The People's Songs, your year-long social history of pop music on Radio 2, has come to an end. Any particular listeners' anecdotes that stick out?

The "Smalltown Boy" episode, that centred around Bronski Beat, was brilliant because we got lots of small-town boys and girls who said, 'That record summed up my life. I left in the morning from some northern town with everything I owned in a little black case and went to London or Manchester or Liverpool because I knew that I wouldn't be accepted back home'.

Britain's love affair with the radio seems to go from strength to strength. What would you say that's down to?

We're small enough to have a national radio culture. It used to be said you could drive across America and know where you were from what music you were listening to. The wireless is associated with big things in our history: people got round the radio and listened to Winston Churchill's speeches and JB Priestley's columns. We've always had the radio at the heart of our psyche, right down to growing up with the Radio 1 Breakfast Show.

There was one particular episode of The People's Songs called 'How Pop Found a Social Conscience'. Do you think pop has now lost that conscience?

I think pop has retreated into itself in that pop songs these days are just about the internal lives of the musicians.
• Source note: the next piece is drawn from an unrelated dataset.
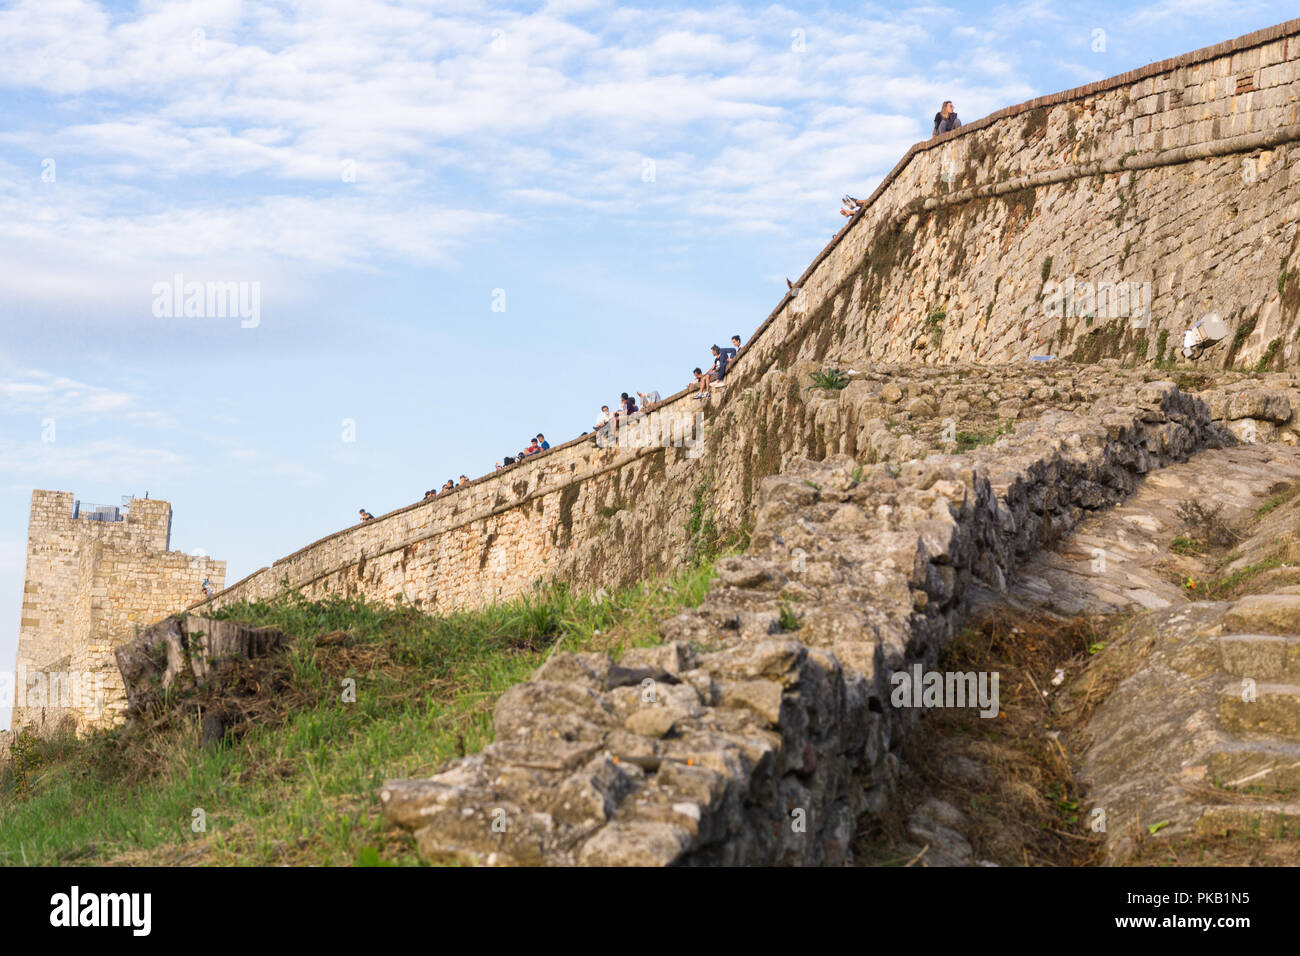 Outer wall of the Belgrade fortress Kalemegdan with tourists sitting along. Serbia. Stock Photo
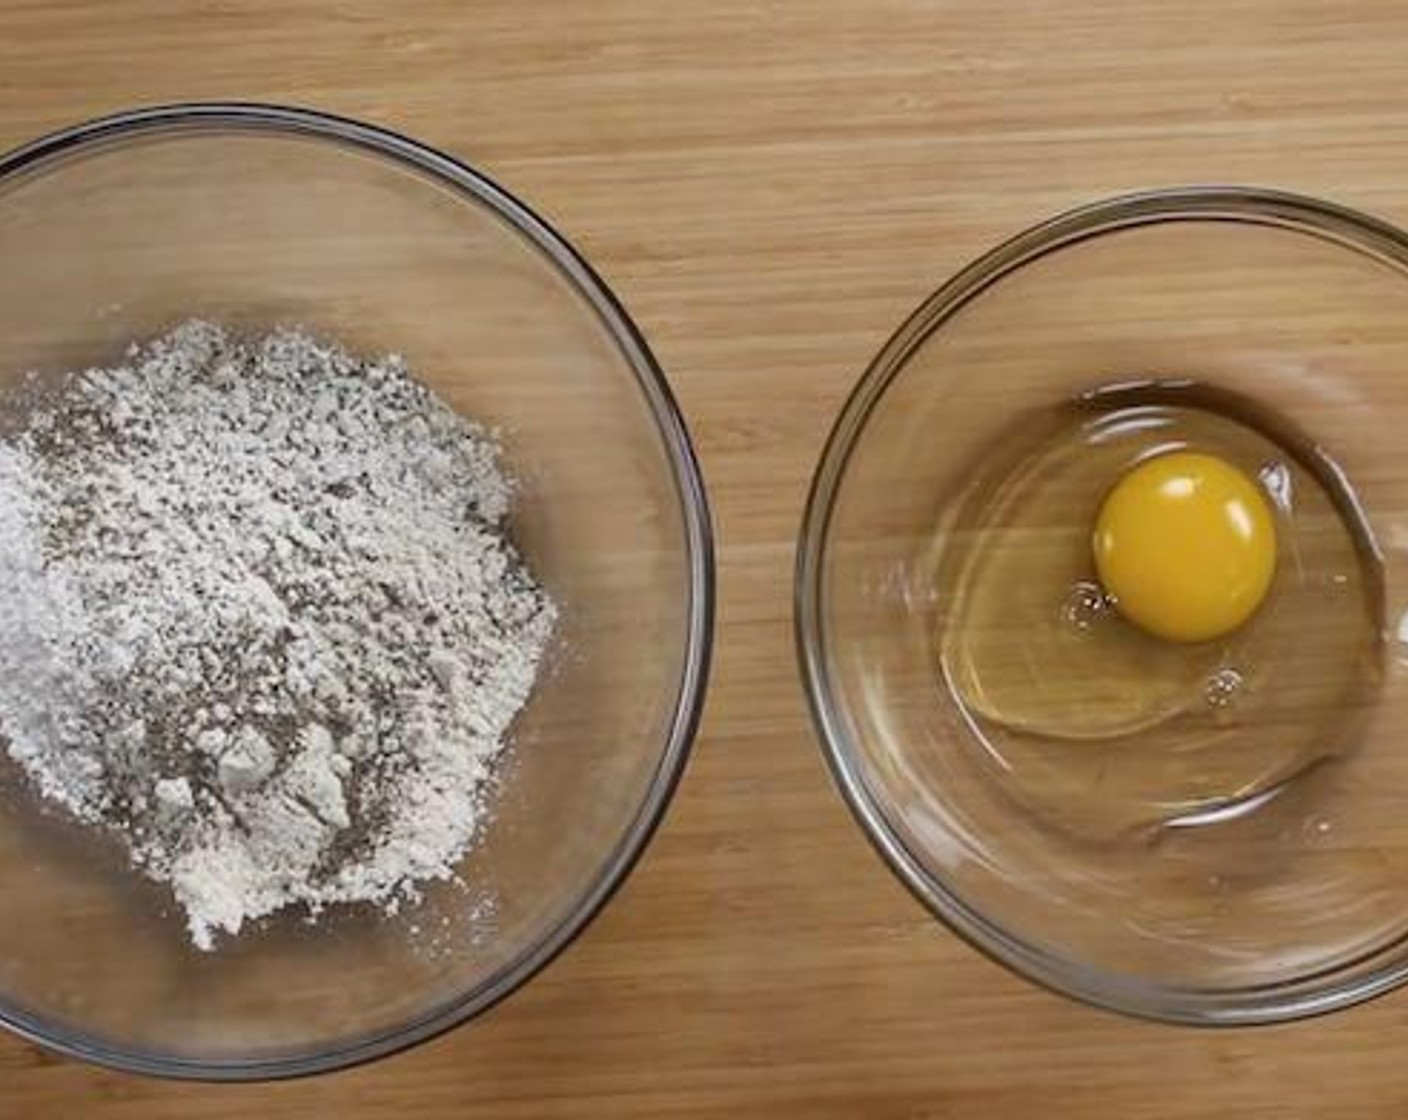 step 3 Place the Egg (1) in one bowl, and in another bowl, mix All-Purpose Flour (1/4 cup), Corn Flour (1/2 cup), Salt (1/2 tsp) and Ground Black Pepper (1 pinch).

In the Seventies you'd get Paul McCartney making a record like "Give Ireland Back to The Irish", which is incredible. An endless succession of ironic hipsters just writing about themselves and their love lives is OK, but I think it would be nice to have people who wrote a little bit about subjects external to themselves as well.

Why that shift?

This is going to make me sound like an old tub-thumping Marxist, but I think that the class make-up of pop writers has definitely changed. If you look at writers like Eric Clapton and Rod Stewart, they were all working class. The Beatles were all working class. Nowadays, most working-class kids can't afford the equipment and the time to be in a band. I think a new generation has grown up and because their experiences of life are perhaps a little more comfortable, they're less angry and slightly less politicised.

Pop's gone posh!

It has gone posh. When I grew up, everyone always used to say about Genesis that they went to Charterhouse. And they were unique for that. Now, if you went 'Oh they went to public school you know,' that would be the norm, not the exception.

You've said you don't trust people who don't like disco. Do you think Chic's revival is here to stay, or was it just the sound of summer 2013?

Definitely not! People are finally coming around to what I've been saying for years: Chic are one of the greatest bands that ever lived. Disco is too small a word for it really, they turned it into an art form.

Is there a genre of music you particularly don't like?

I don't like The Pogues, and faux Irish knees-up music. And I don't like good-time music: it makes me feel bad.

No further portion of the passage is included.